Trois options aux philosophies et aux conséquences très différentes pourraient être envisagées :
- la première option consiste à placer l'épreuve d'admissibilité à l'entrée du master : cette solution est la plus séduisante en termes de gestion des flux, notamment dans le cas du professorat des écoles, et en termes de conditions de formation. Elle est favorable à un modèle intégré de formation. En revanche, et d'un point de vue pédagogique, elle conditionne fortement le cursus de licence et pose la question de la place de l'épreuve d'admission, difficilement envisageable en fin de master soit deux ans plus tard.

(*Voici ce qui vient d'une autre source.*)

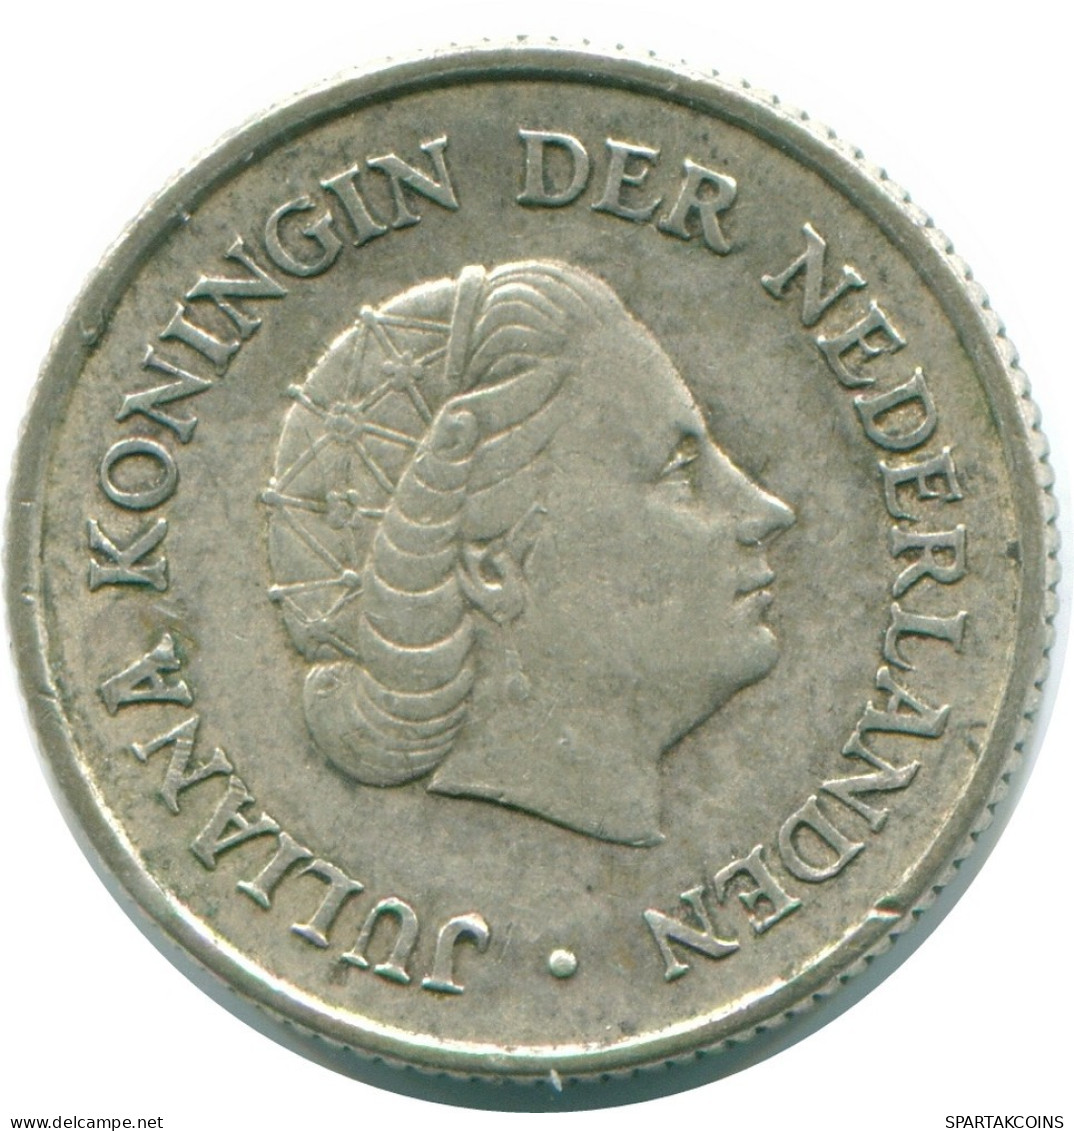 1/4 GULDEN 1965 NIEDERLÄNDISCHE ANTILLEN SILBER Koloniale Münze #NL11326.4.D.A - Niederländische Antillen

En tout état de cause, cette option est écartée pour des raisons politiques et nous ne l'examinerons pas plus précisément.
- la deuxième option consiste à placer toutes les épreuves après l'obtention du master : Cette solution est bien évidemment la plus facile à mettre en oeuvre et elle déconnecte totalement le calendrier du master de celui du concours. Elle est favorable à un modèle intégré de formation. Toutefois, cette option allonge la durée des études pour tous, retarde les réorientations et favorise la mise en place de préparations de concours post bac + 5. Tous éléments peu favorables à garantir l'égalité des chances. Elle pourrait aussi totalement inféoder les contenus de master aux programmes des concours. Cette option est donc écartée dans le cas général mais reste envisagée dans le cas particulier de l'agrégation.
- la troisième option consiste à intégrer les épreuves du concours dans les deux années du master. Dans cette option la place du concours est structurante de l'organisation de la formation. Le fait que l'étudiant doive conjuguer réussite au concours et obtention du diplôme conduit à étudier un ensemble de situations. Notamment, la variable essentielle est la place de l'admissibilité qui devient cruciale car elle construit le cursus de master, organise et conditionne les possibilités d'orientation et de réorientation, distribue l'acquisition des compétences et positionne les stages dans l'ensemble des quatre semestres.
En écartant les deux premières options pour les raisons évoquées plus haut, on se concentrera dans ce rapport sur la troisième option et nous considérerons trois hypothèses :
- Hypothèse 1 - les épreuves d'admissibilité sont placées en fin de M1
- Hypothèse 2 - les épreuves d'admissibilité sont placées en cours de M2
- Hypothèse 3 - les épreuves d'admissibilité sont placées en fin de M2
Dans ces trois hypothèses, on considérera que les épreuves d'admission sont placées en fin de M2 (soit fin juin ou juillet).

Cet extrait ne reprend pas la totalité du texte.